These approaches generally focus on predicting traffic conditions for the upcoming few hours. However, when forecasts are required for more extended periods, such as multiple days, the task becomes significantly more challenging. The complexity of traffic variables and the necessity for longer forecasting intervals highlight the critical need for accurate long-term forecasts in practical scenarios. One common difficulty with extended forecasts is the progressive accumulation of errors in multi-step forecasting. To tackle this, the research highlighted in [5] presents an approach that employs an LSTM-based encoder–decoder model with attention mechanisms designed to each of the periodic patterns. This model, referred to as PASS2S, processes each periodic segment individually, generating multiple forecasts that are then integrated through a fusion mechanism to produce the final prediction. By effectively leveraging periodic patterns, this strategy enables the model to focus on essential information at each forecasting step, thereby mitigating the issue of error accumulation common in long-term predictions. While this demonstrates advantages in handling periodic data and employing attention mechanisms, it does not specifically focus on simultaneously managing short-term and long-term predictions, a critical area for comprehensive traffic forecasting.

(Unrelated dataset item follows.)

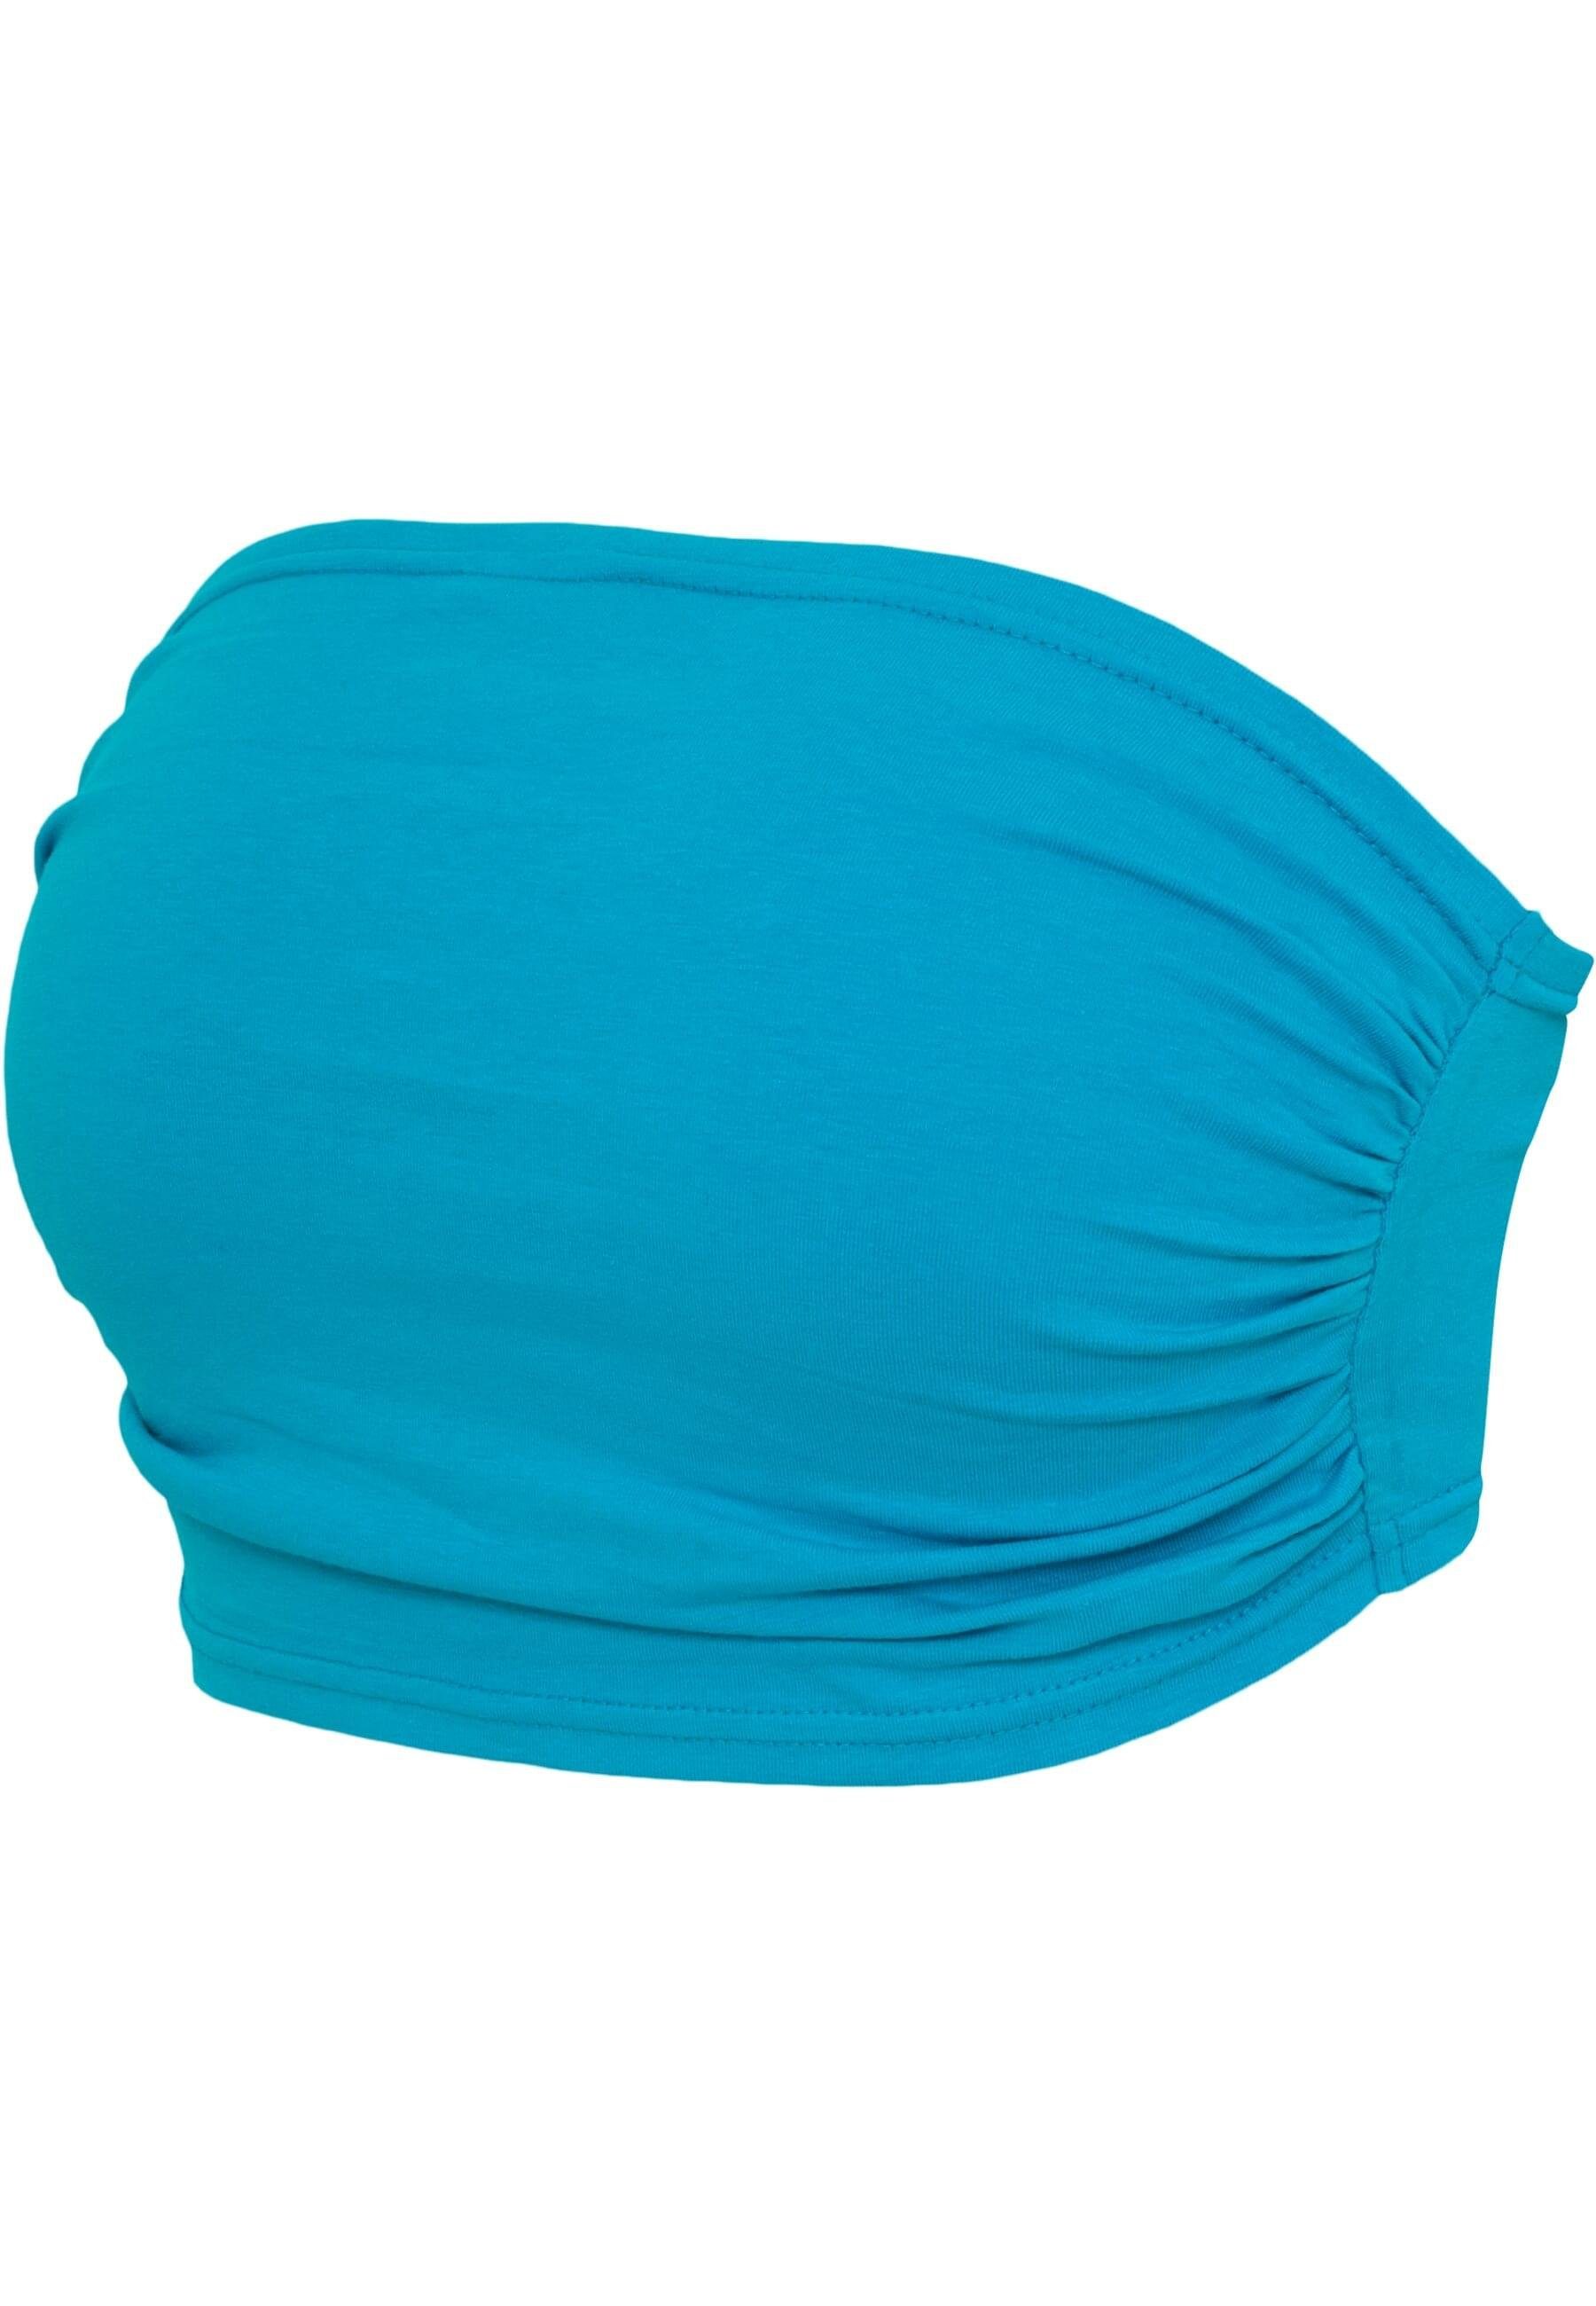 URBAN CLASSICS Bügelloser BH 3-Pack Ladies Damen Top Bandeau turquoise+turquoise+turquoise

Despite these advancements, the domain of both long-term and short-term prediction remains challenging, particularly when extending the forecasting horizon while ensuring reliable performance. Capturing complex traffic patterns, along with the need to manage sequential data and long-range dependencies, demonstrates the intricacies involved in traffic forecasting. These challenges motivate the exploration of Transformer-based methods, known for their capabilities in capturing long-range dependencies effectively. In this study, the proposed Short-Term and Long-Term Integrated Transformer (SLIT) effectively addresses both the need for accurate short-term forecasts and the complexities of long-term traffic prediction.

3. Proposed Methodology

3.1. Problem Formulation

The aim of this study is to forecast future travel times over extended periods for specific road segments by leveraging their respective historical traffic data. The predictive challenge can be formulated as follows:

Given the historical traffic data

X^{τ}

spanning a duration of T time steps of a road segment r, our goal is to develop a model

f (\cdot)

to estimate the travel time for the upcoming

T^{'}

time steps, starting from

Δ

steps after the present time

τ

, denoted as

Y^{τ, Δ}

. The model

f (\cdot)

is thus defined as follows:

[X_{τ - T + 1}, \dots, X_{τ - 1}, X_{τ}] \overset{f_{r}^{Δ}}{\to} [Y_{τ + Δ + 1}, Y_{τ + Δ + 2}, \dots, Y_{τ + Δ + T^{'}}]

(1)

Note: To maintain clarity and focus in the subsequent sections of this paper, the superscripts of

τ

and

Δ

in

X

and

Y

will be omitted.

3.2. Overall Structure of the Proposed Framework

Figure 1 presents the architecture of the proposed Short-Term and Long-Term Integrated Transformer (SLIT), which is composed of two main modules: the Enhanced Data Preprocessing (EDP) and the Short-Term and Long-Term Integrated Encoder–Decoder (SLIED). At the beginning, the EDP module refines input historical traffic data

X

into attribute-encoded periodic segments

\hat{S}

. These segments capture both short-term and long short-term patterns of historical traffic data. They incorporate periodic information, temporal attributes, and positional encodings to extract patterns over various time horizons, thereby enhancing the model’s predictive capabilities for diverse time frames. Subsequently, SLIED, a Transformer-based encoder–decoder architecture, processes these enriched segments to generate multi-step travel time predictions

\hat{Y}

.

3.3. Enhanced Data Preprocessing

Inspired by the collaborative use of attention mechanisms with periodic segment generation for travel time prediction [5], the Enhanced Data Preprocessing (EDP) is devised to enhance the quality of historical traffic data

X

. This procedure aims to facilitate the generation of attribute-encoded periodic segments

\hat{S}

, which are further divided into long-term and short-term segments. The procedure is illustrated in Figure 2 and is detailed in Algorithm A1, as presented in Appendix A. For additional clarity, a detailed explanation of the symbols utilized throughout the process is provided in Table 1.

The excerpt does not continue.